Task instructions
Without including any pictures, copy every line below exactly.

Recorded information
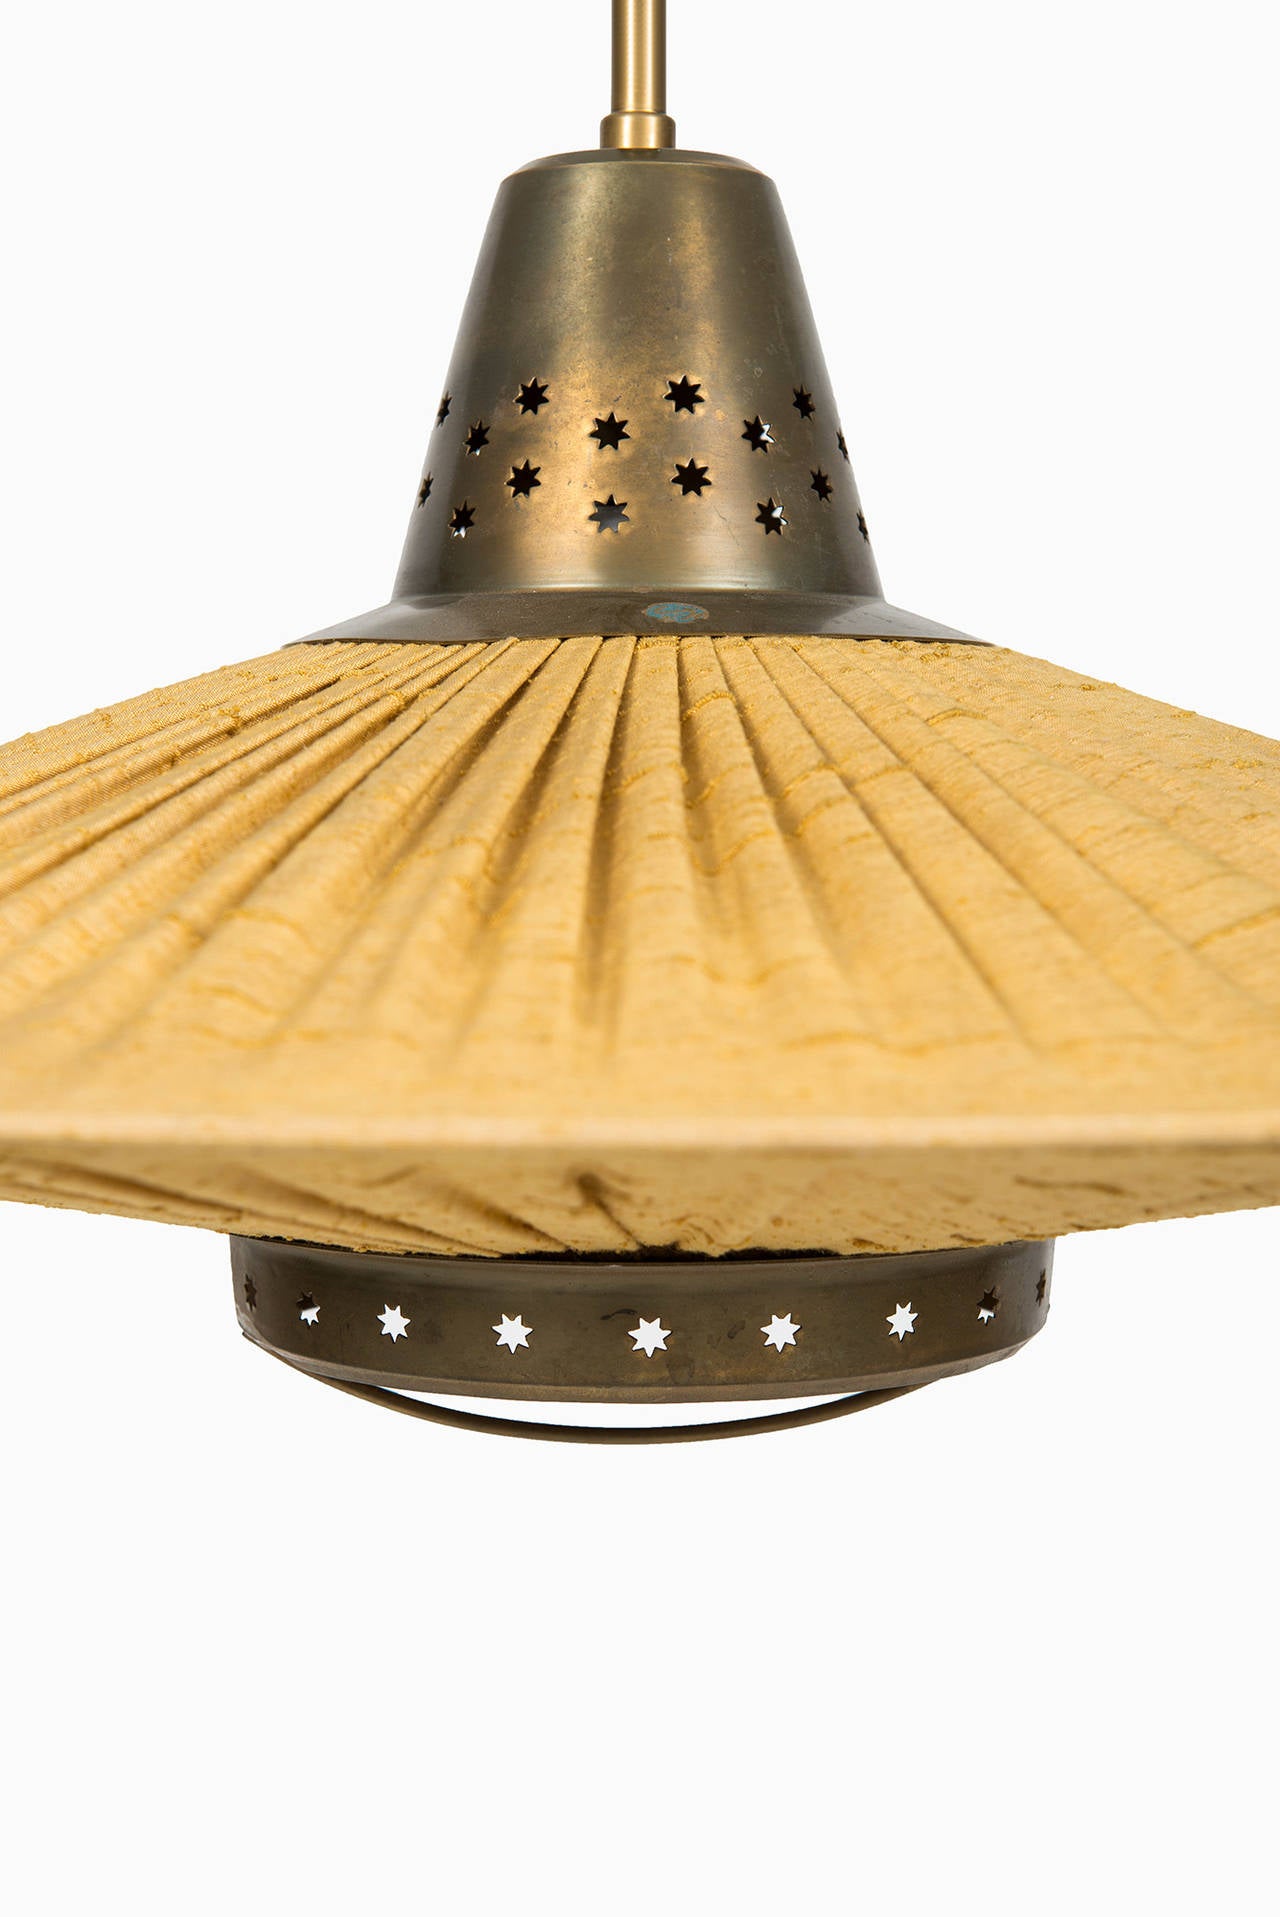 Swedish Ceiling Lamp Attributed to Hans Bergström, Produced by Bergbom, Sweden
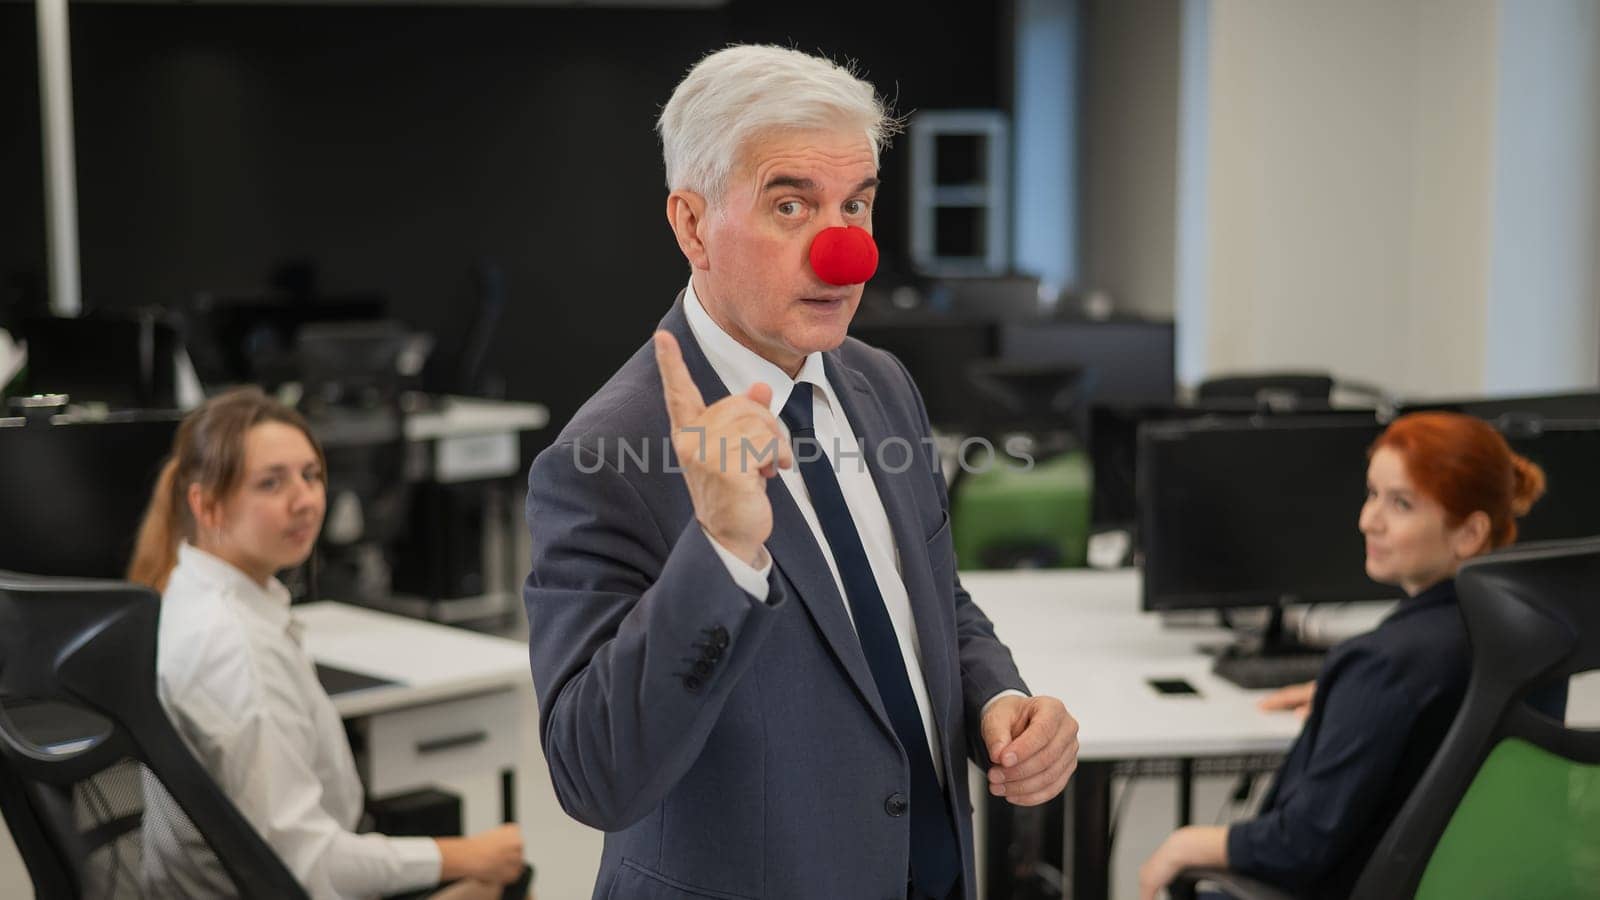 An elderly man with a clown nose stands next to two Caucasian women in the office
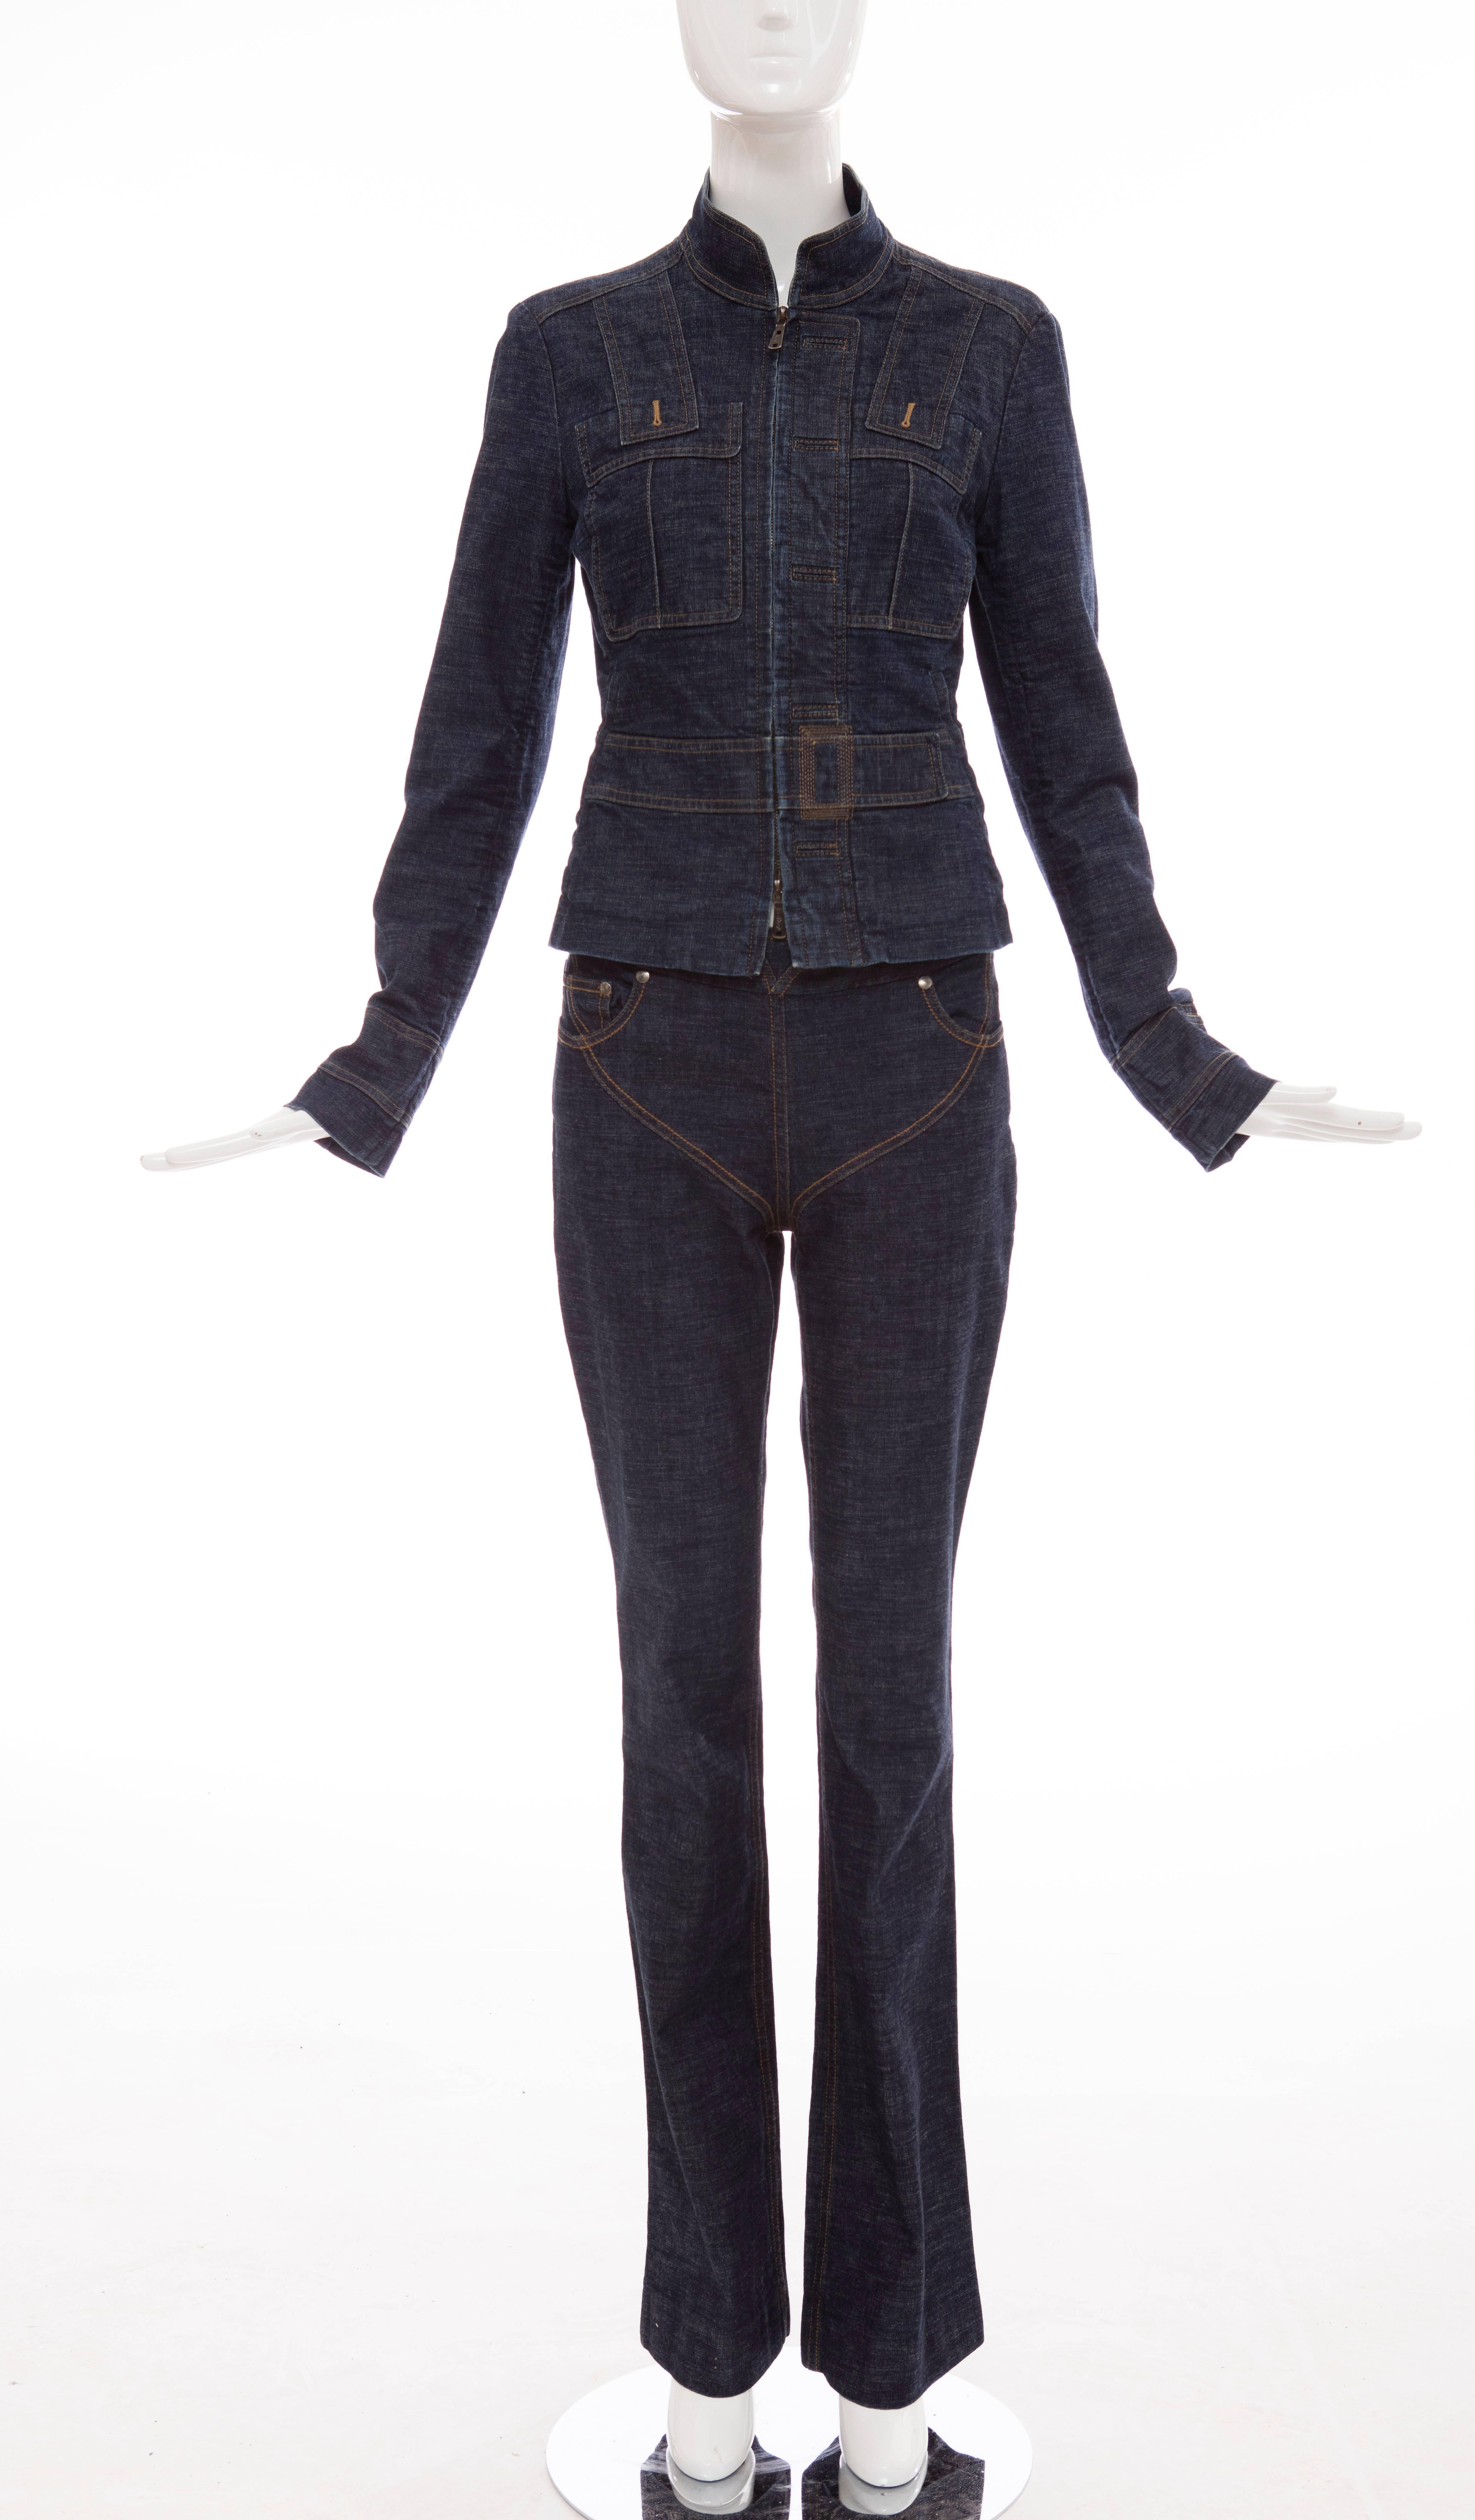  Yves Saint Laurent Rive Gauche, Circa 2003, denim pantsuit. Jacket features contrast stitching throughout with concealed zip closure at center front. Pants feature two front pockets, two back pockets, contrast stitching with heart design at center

Result of the exercise
 Swedish Ceiling Lamp Attributed to Hans Bergström, Produced by Bergbom, Sweden
 An elderly man with a clown nose stands next to two Caucasian women in the office
  Yves Saint Laurent Rive Gauche, Circa 2003, denim pantsuit. Jacket features contrast stitching throughout with concealed zip closure at center front. Pants feature two front pockets, two back pockets, contrast stitching with heart design at center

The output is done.